§ **Provided records**:
● ● ● ●
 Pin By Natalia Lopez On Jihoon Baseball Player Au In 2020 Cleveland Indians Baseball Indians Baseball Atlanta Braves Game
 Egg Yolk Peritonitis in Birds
● ● ● ●
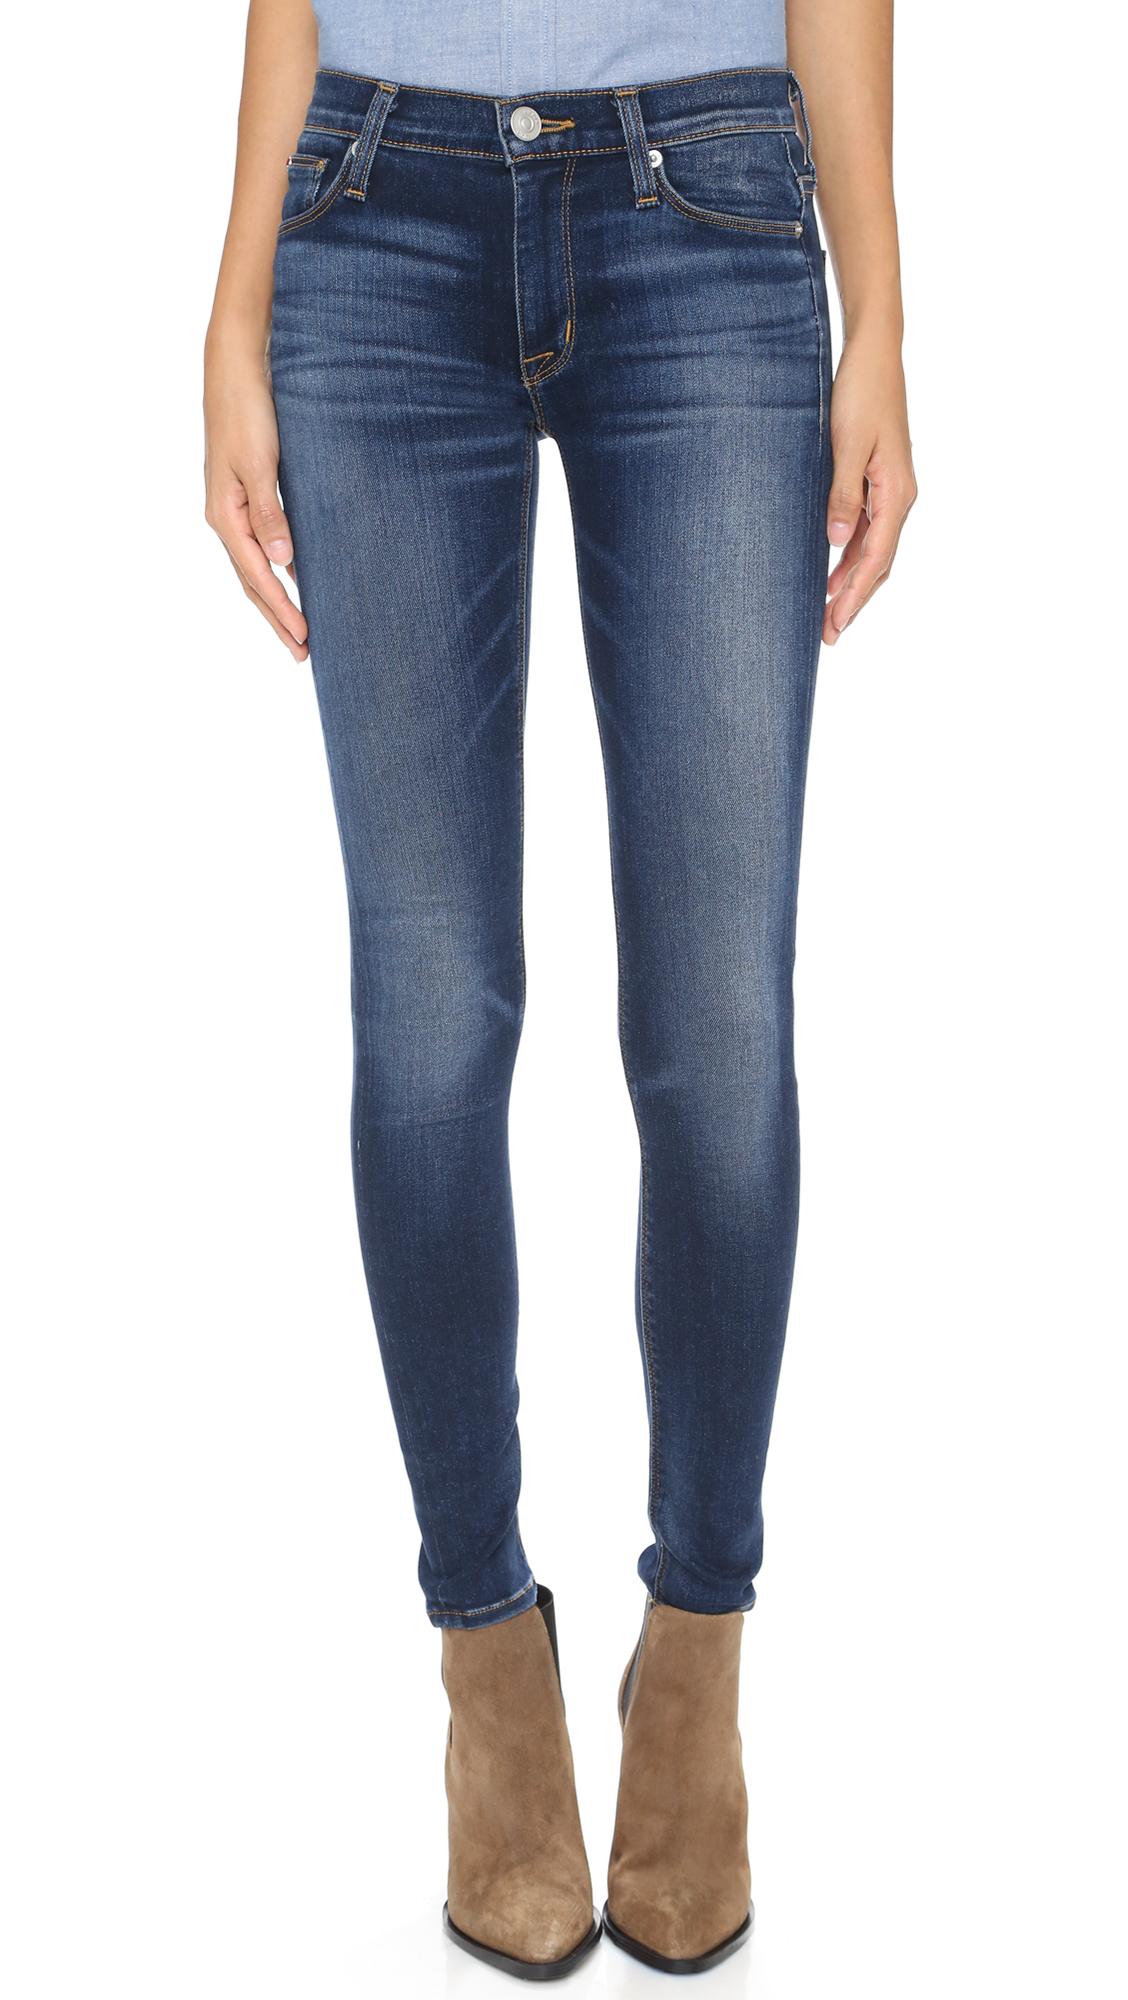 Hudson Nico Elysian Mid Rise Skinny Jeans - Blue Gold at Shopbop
● ● ● ●
§ **Assigned task**: For this task, write out exactly the lines of the entries above, starting at the line with "Pin By Natalia" and ending at the line with "Egg Yolk Peritonitis in Birds", both included, and no others.

§ **Problem solution**:
 Pin By Natalia Lopez On Jihoon Baseball Player Au In 2020 Cleveland Indians Baseball Indians Baseball Atlanta Braves Game
 Egg Yolk Peritonitis in Birds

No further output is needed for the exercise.